In the 1:20-scale model test, uniform water pressure causes the entire segment to contract inward into a ‘circular’ shape, while strata load gradually deforms the segment into an elliptical shape. The structural deformation of the segment lining is asymmetrical for ground loads between 0.4 and 3.6 MPa. The segment lining’s left spandrel has a propensity to enlarge outward, whilst the right spandrel has a propensity to contract inward. The deformation of the segment lining restores symmetry after the ground load period of 3.6 MPa.

(2)

In the experiment, the curvature change shows a ‘ladder’ transformation as a whole, which can be divided into three major stages. In the 0–3.6 MPa stage, the segment is in the elastic stage, and the curvature is basically guaranteed to be 0.1 m⁻¹/MPa. In the 3.6–6.4 MPa stage, the segment is in the strengthening stage and the curvature is greatly improved, up to 10.97 m⁻¹/MPa. After 6 MPa, the stress is released and the curvature is further improved after stabilization.

(3)

The appearance of cracks after 4.4 MPa has an important influence on the curvature change. The percentage of curvature change in the 0–4.4 MPa stage is 188%, but the percentage of curvature change in the 4.4–8.0 MPa stage is as high as 2900%.

(4)

Before cracks appear in the scale model, the strain and curvature of the tunnel segment increase steadily in a small range. When cracks appear, the values of strain and curvature fluctuate obviously. The combination of the strain and curvature of the shield tunnel segment structure can well reflect the deformation information of the structure.

(5)

According to research on the effects of three surface-mount FBG sensing elements, the traditional four-point supplementary layout could more accurately perceive tunnel strain changes, and the 18° uniform layout could more accurately perceive local tunnel curvature changes. It is recommended that the FBG sensing elements with a uniform layout of 18° be used to collect data for monitoring tunnel sections in harsh terrain and the FBG sensing elements with a four-point additional configuration be used to collect data for monitoring other sections.

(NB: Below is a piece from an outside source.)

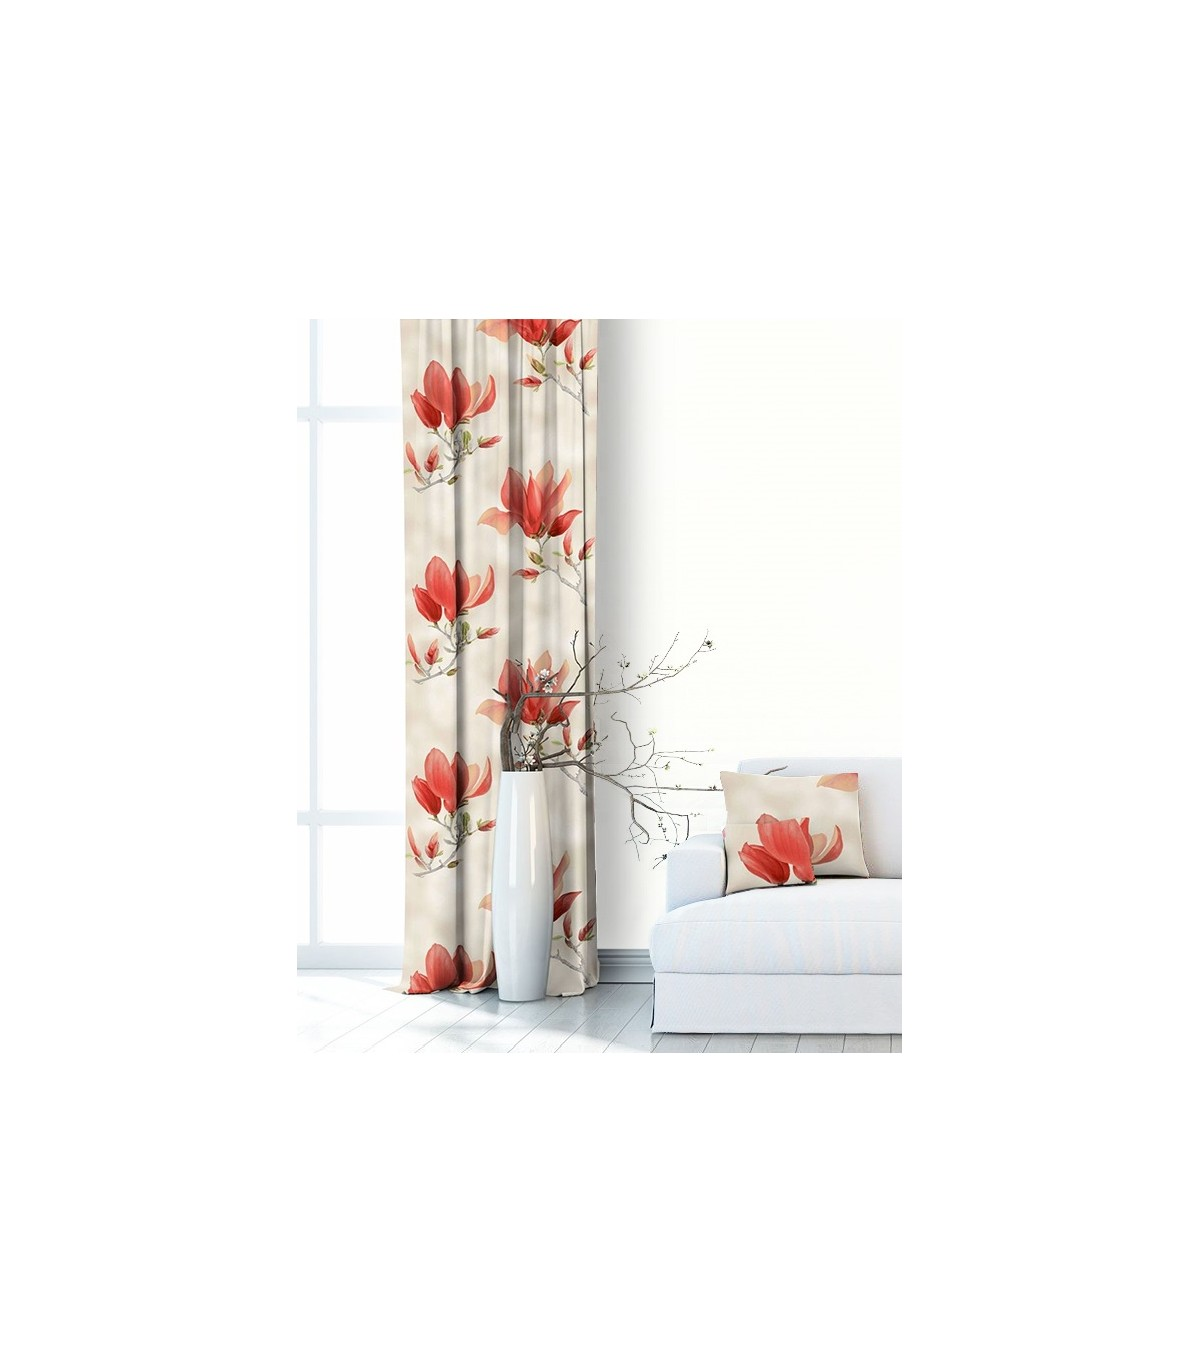 Deco Belle Best Curtains Drapery Order Online

In this study, a 1:20 scale model test was carried out to investigate the deformation perception of the shield tunnel structure under three different layouts of surface-mounted FBG sensors. Due to the influence of scale effect, the layout method will have errors in practical engineering, which need to be verified in the next step. The above research focuses on the section form of the shield tunnel, and the horseshoe tunnel needs to be further studied. The wall thickness of the tunnel designed in this experiment is a fixed value, and it is not used as a parameter to study the critical pressure. The tunnel wall thickness should be further studied as a variable parameter. The focus of the test is to study the influence of hydrostatic pressure and changing earth pressure on tunnel deformation. The influence of live load on tunnel deformation needs to be further studied.